Film & Television

‘Harriet’: An Overdue Celebration of An American Heroine

Using gospels (Erivo’s voice, which she had to dramatically lower for this role, is magnificent) to communicate with the enslaved, Harriet earns the nickname “Moses.” Demonstrating the disdain and contempt southern landholders had for both women and blacks, they assume she’s a white man in blackface. Otherwise, they argue, how could she continue to elude them? Once her identity is revealed, Eliza Brodess (Jennifer Nettles), Gideon’s mother, vows that she’ll be caught and “burned at the stake like Joan of Arc,” not realizing that she’s just compared Tubman to a saint.

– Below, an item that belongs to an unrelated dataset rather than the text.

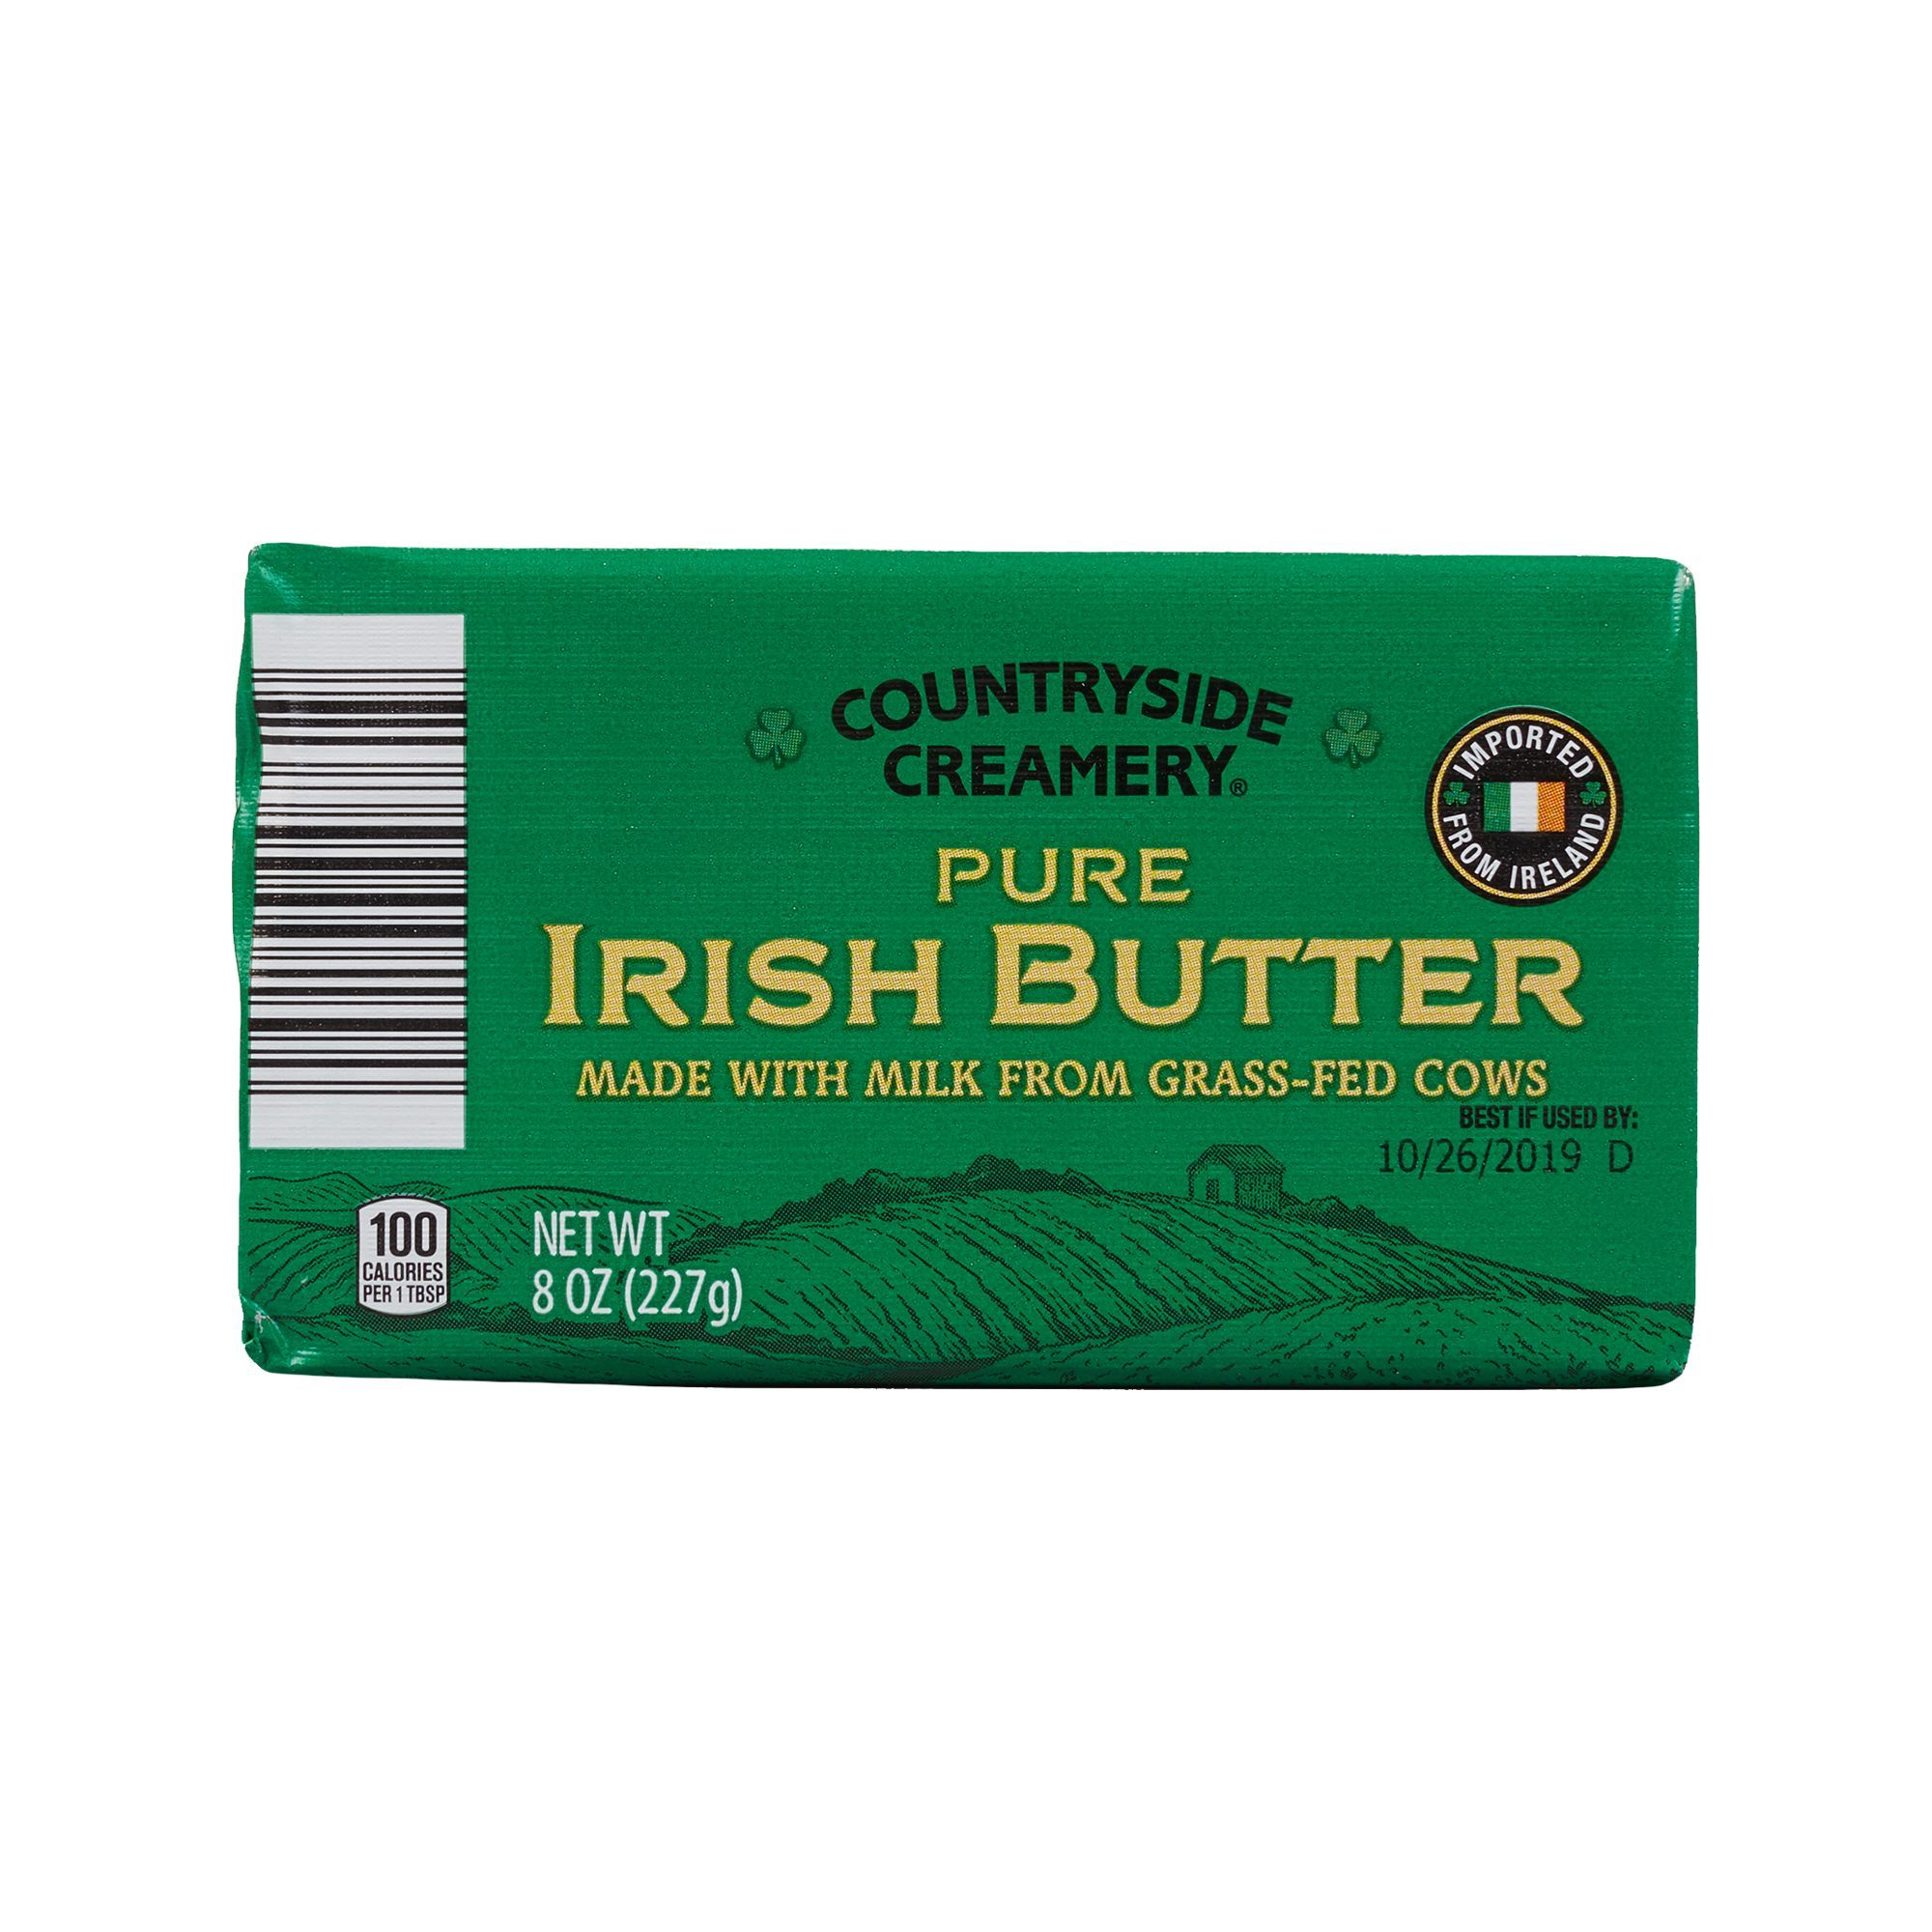 ALDI-exclusive Countryside Creamery Pure Irish Butter

As I mentioned earlier, Lemmons doesn’t graphically depict the cruelties and tortures of slavery. She does however give Harriet a moving speech when other abolitionists argue that it’s time to wait for the impending civil war. The only former slave present, she tells them about the atrocities — “I’ve seen girls raped before their first blood” —  and asserts, “I would give every last drop of blood in my veins until this monster called slavery is dead!” In a final (heavy-handed but enormously satisfying) showdown with Gideon, she simply says, “God don’t mean people to own people.”

There is no question but that Lemmons’s film is important. Tubman is a figure whom most of us have heard of, but about whom most of us know few historical details. In the film, she is brought marvelously to life, but also positioned as a bit of a superhero. Surely the real woman was plagued by fear and doubt at times. In the film, she asks God for help and always receives it. She lives a long life and has a peaceful end, but the comparison with Joan of Arc (as ignorant as it may have been) feels a bit too convenient.

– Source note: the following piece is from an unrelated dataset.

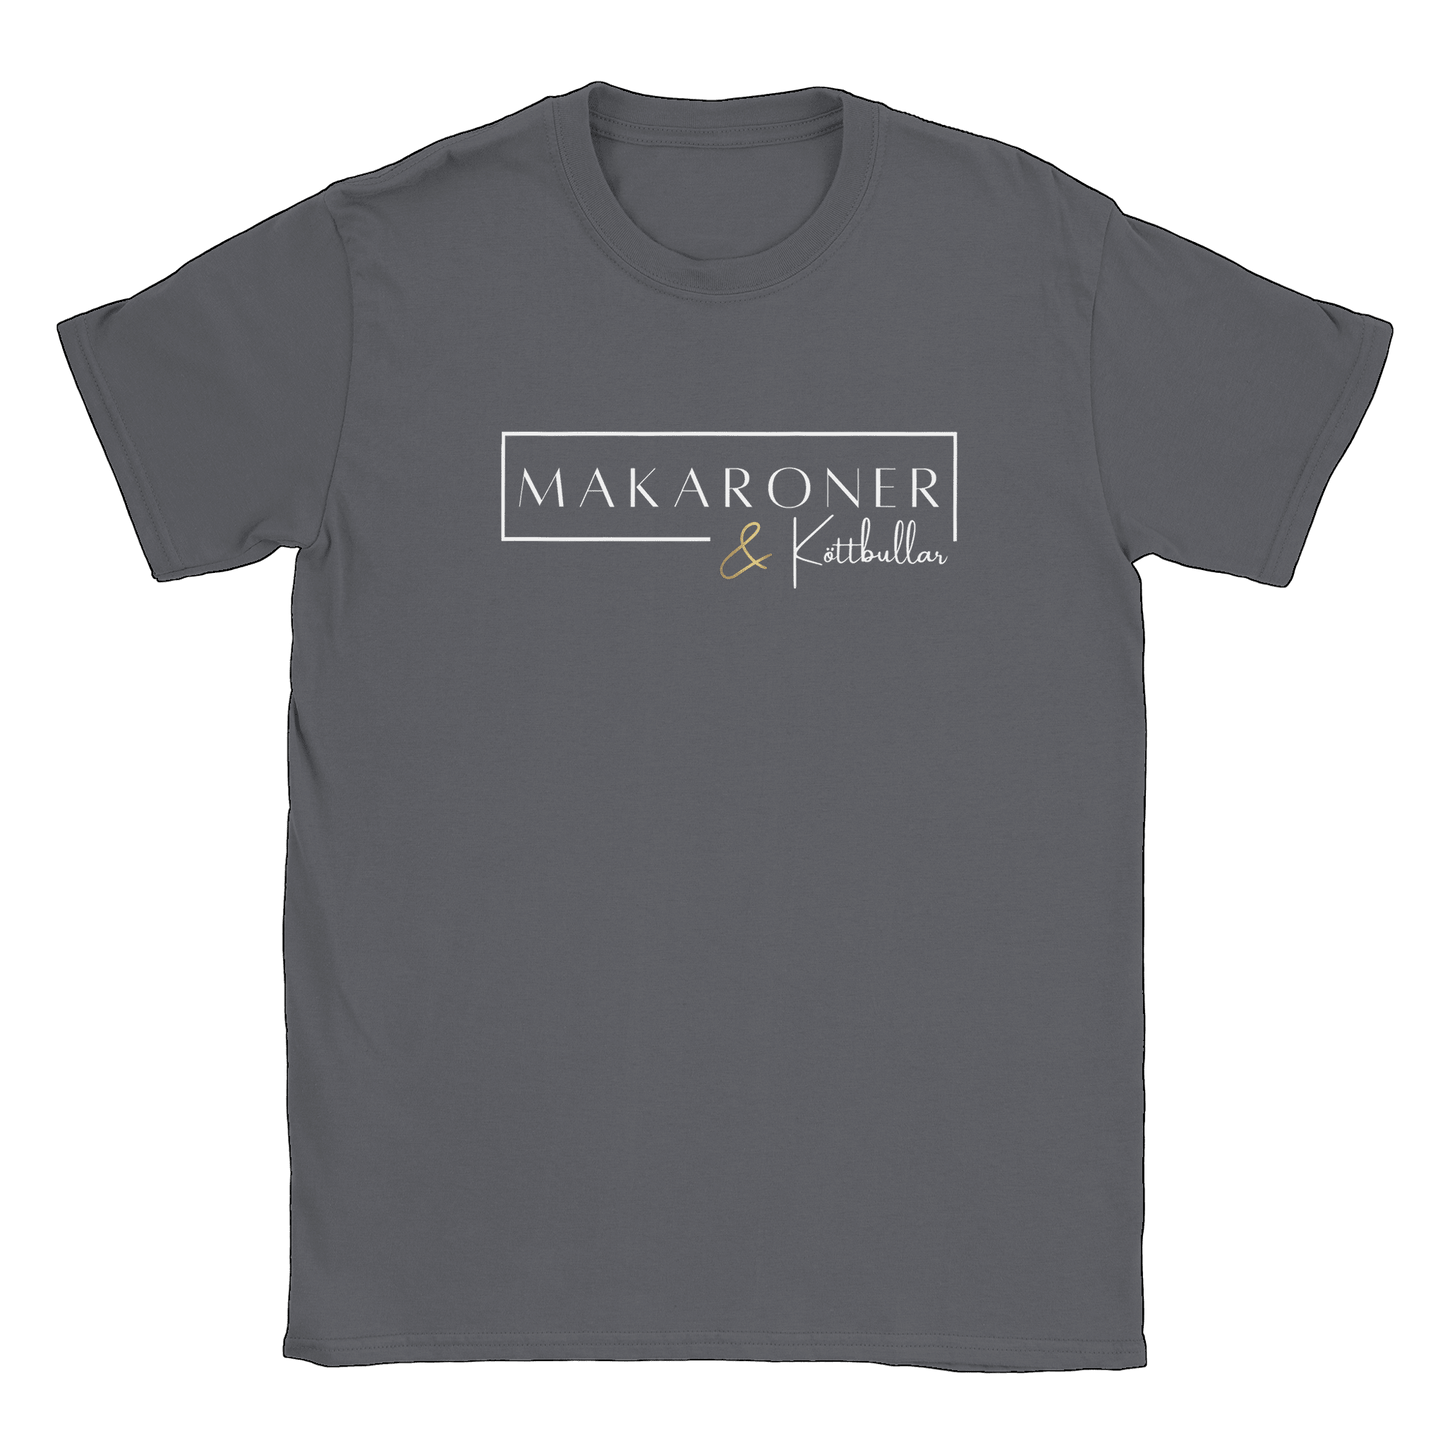 Makaroner och Köttbullar - T-shirt Charcoal

If the movie is at times formulaic, it is nevertheless a beautiful and emotionally rewarding tribute to the real Tubman. Lemmons draws pitch-perfect performances from her entire extraordinary cast. Erivo, in particular, is magnetic. She is in nearly every scene of the movie, and it’s really impossible to look away. Other standouts include Lemmons’s real-life son Henry Hunter Hall as Walter, a wily young bounty hunter who finds himself mesmerized — and redeemed — by Harriet’s faith. Walter, like some other secondary characters, was created for the movie. But he’s an entertaining sidekick.

Women in Hollywood spoke with Lemmons about what she hopes people will think about after seeing Harriet.

“I’d like people to be inspired to realize what can be achieved through sheer force of will and courage. It is hard these days to think that we can make a difference. The problems of the world seem so monumental, we are kind of bowed under, and we have this temptation to kind of keep our heads in the sand. I want this generation to be motivated by these real-life heroines. Harriet Tubman had an opportunity to relax in comfort. But she couldn’t. She felt that if she was free, her family should be free too. If she was free, others should be free too. That is what motivated her, not being satisfied with creature comforts and her own safety. She was willing to risk those things for the greater good, and I think that is a tremendous message to walk away with.”

In 2016, Treasury Secretary Jack Lew announced that Tubman would replace Andrew Jackson (a slave-owner and “exterminator of Indians”) on the twenty-dollar bill. In 2019, Lew’s successor, Treasury Secretary Steven Mnuchin, postponed the change until 2028.

We may have to wait for Tubman to appear on our currency. But telling her story is long overdue. Lemmons’s film is a first-rate place to start.